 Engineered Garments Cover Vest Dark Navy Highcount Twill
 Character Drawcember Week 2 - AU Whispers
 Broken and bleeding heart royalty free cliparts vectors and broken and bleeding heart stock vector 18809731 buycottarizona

------------------------------------

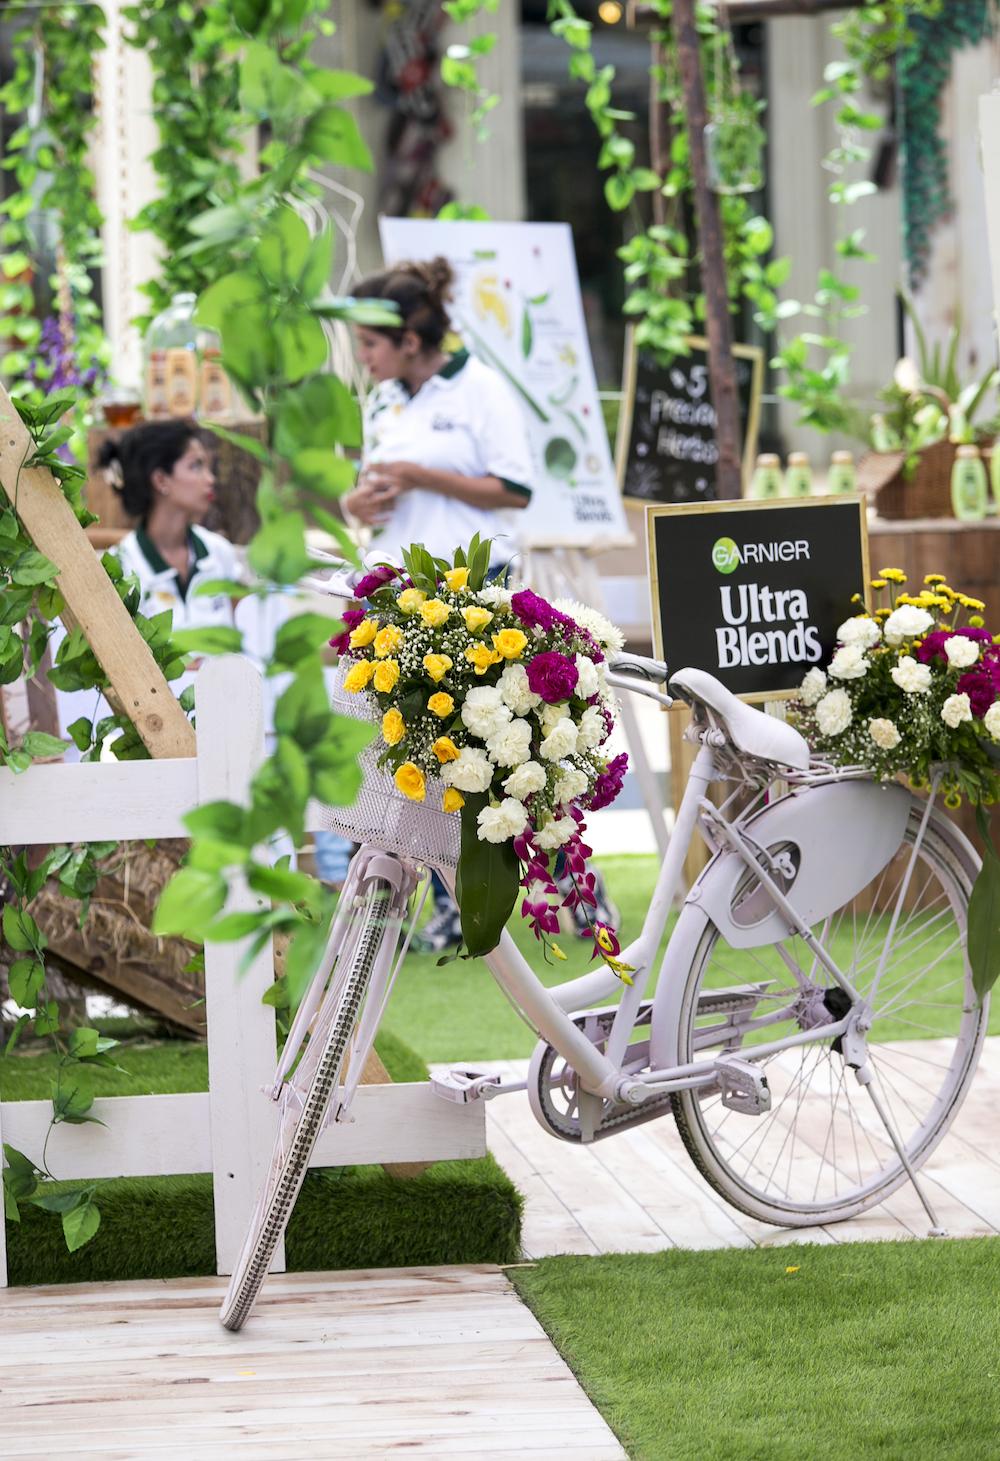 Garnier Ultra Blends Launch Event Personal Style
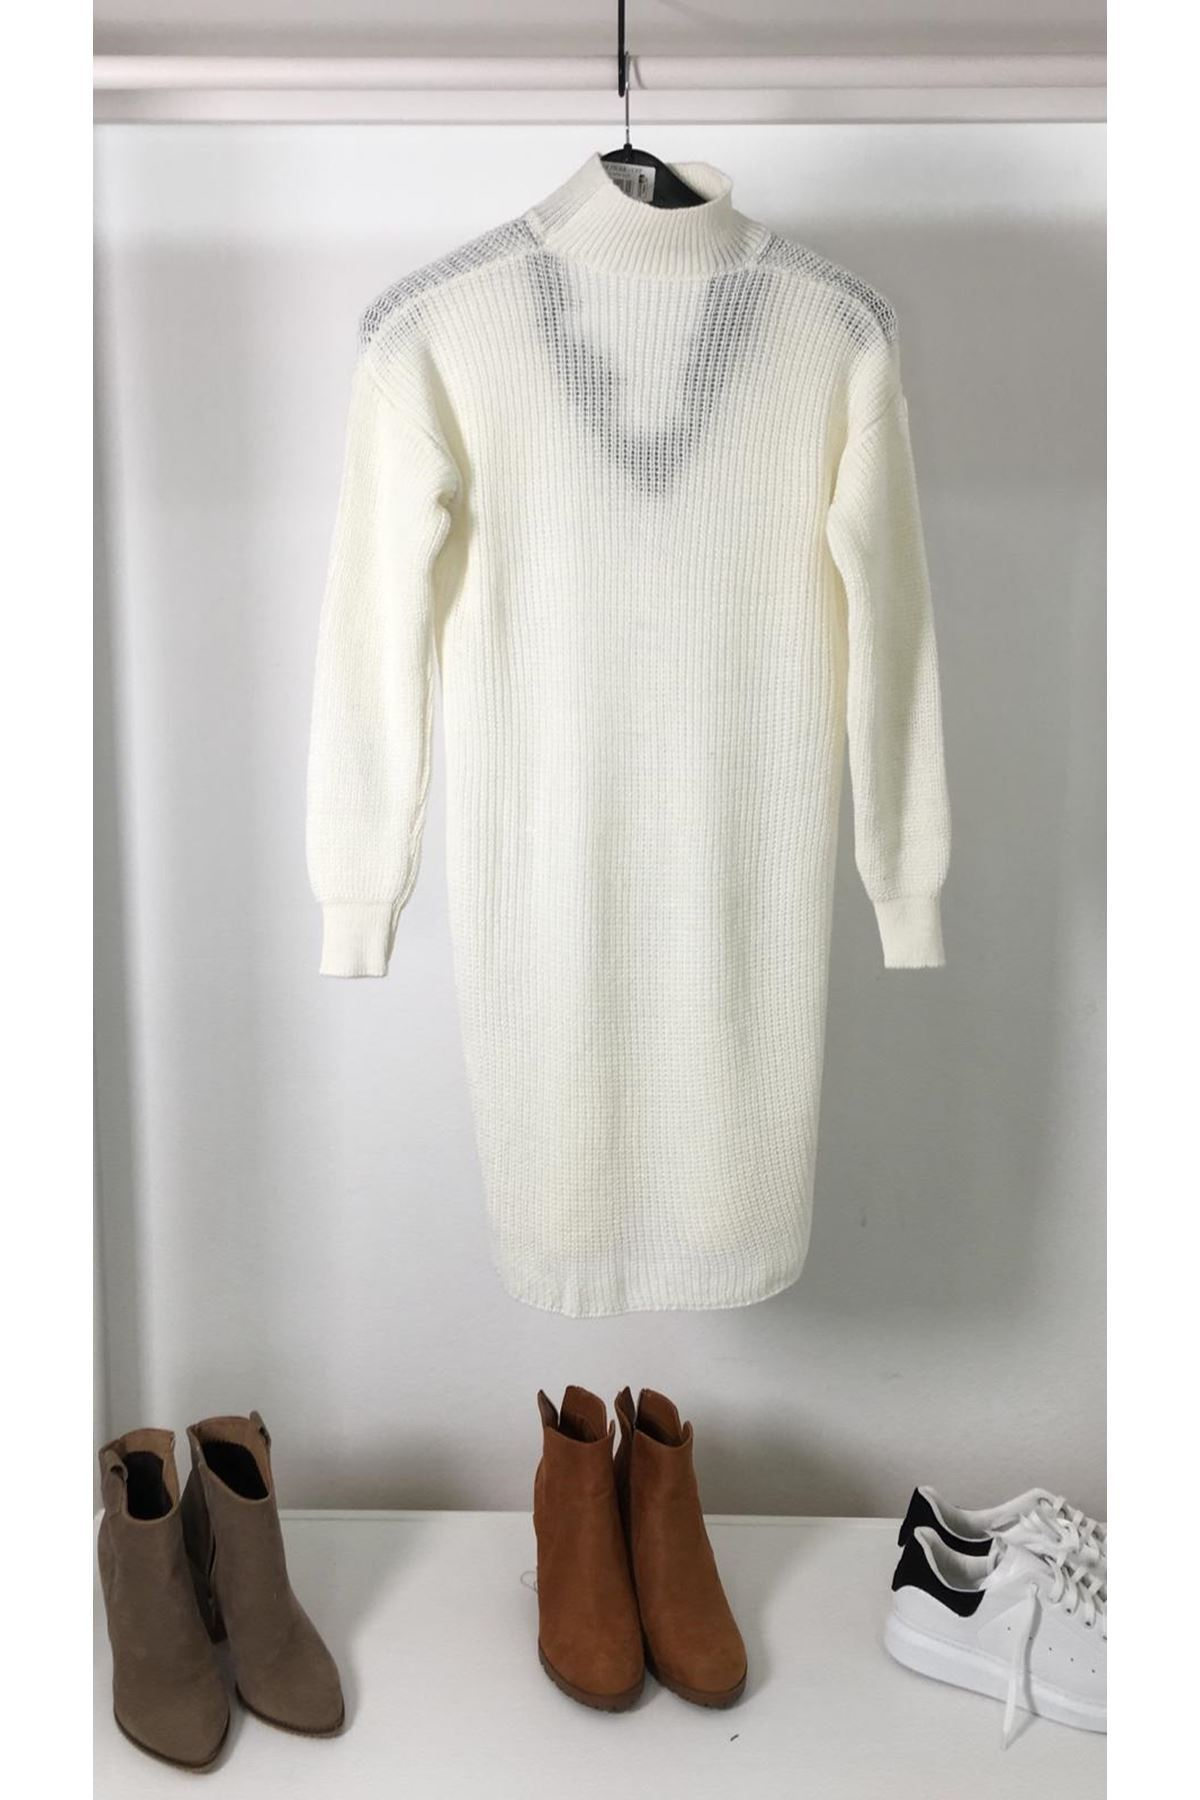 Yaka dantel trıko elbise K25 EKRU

------------------------------------

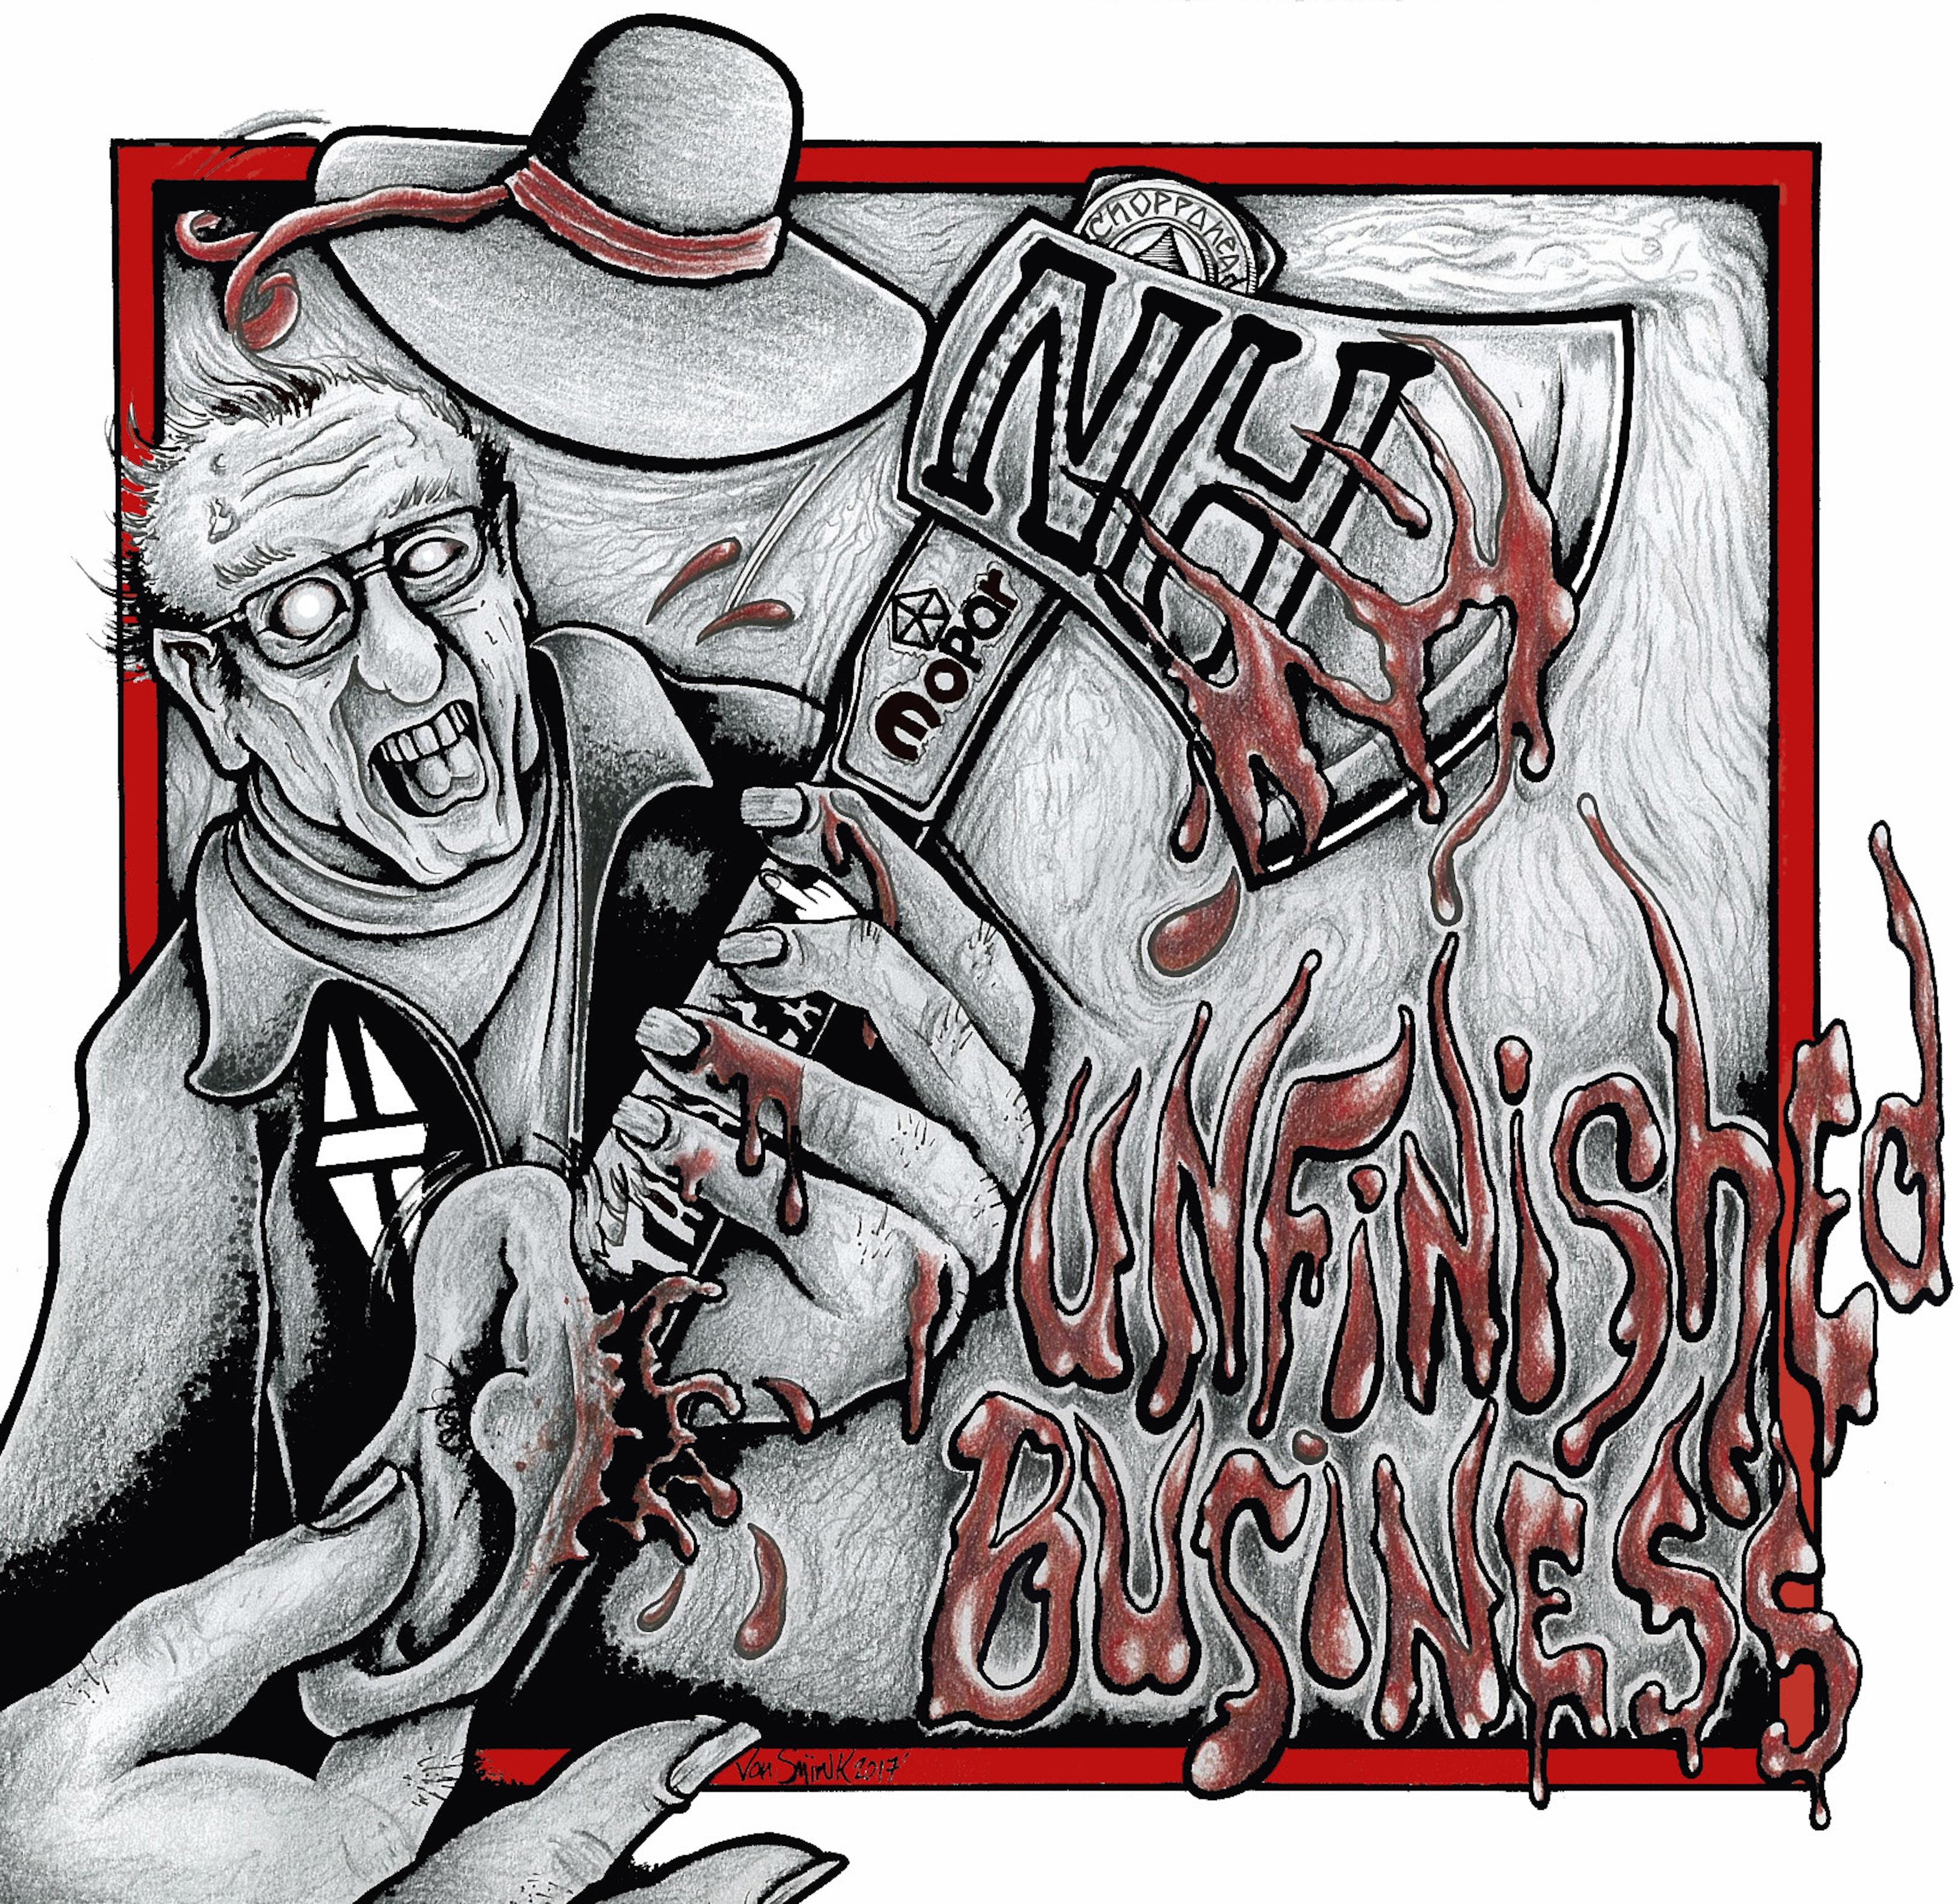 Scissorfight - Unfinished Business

------------------------------------

EXERCISE: Output should match, line for line, the stretch of the material above from the line holding "Engineered Garments Cover" through the line holding "Broken and bleeding heart royalty".

COMPLETED TASK:
 Engineered Garments Cover Vest Dark Navy Highcount Twill
 Character Drawcember Week 2 - AU Whispers
 Broken and bleeding heart royalty free cliparts vectors and broken and bleeding heart stock vector 18809731 buycottarizona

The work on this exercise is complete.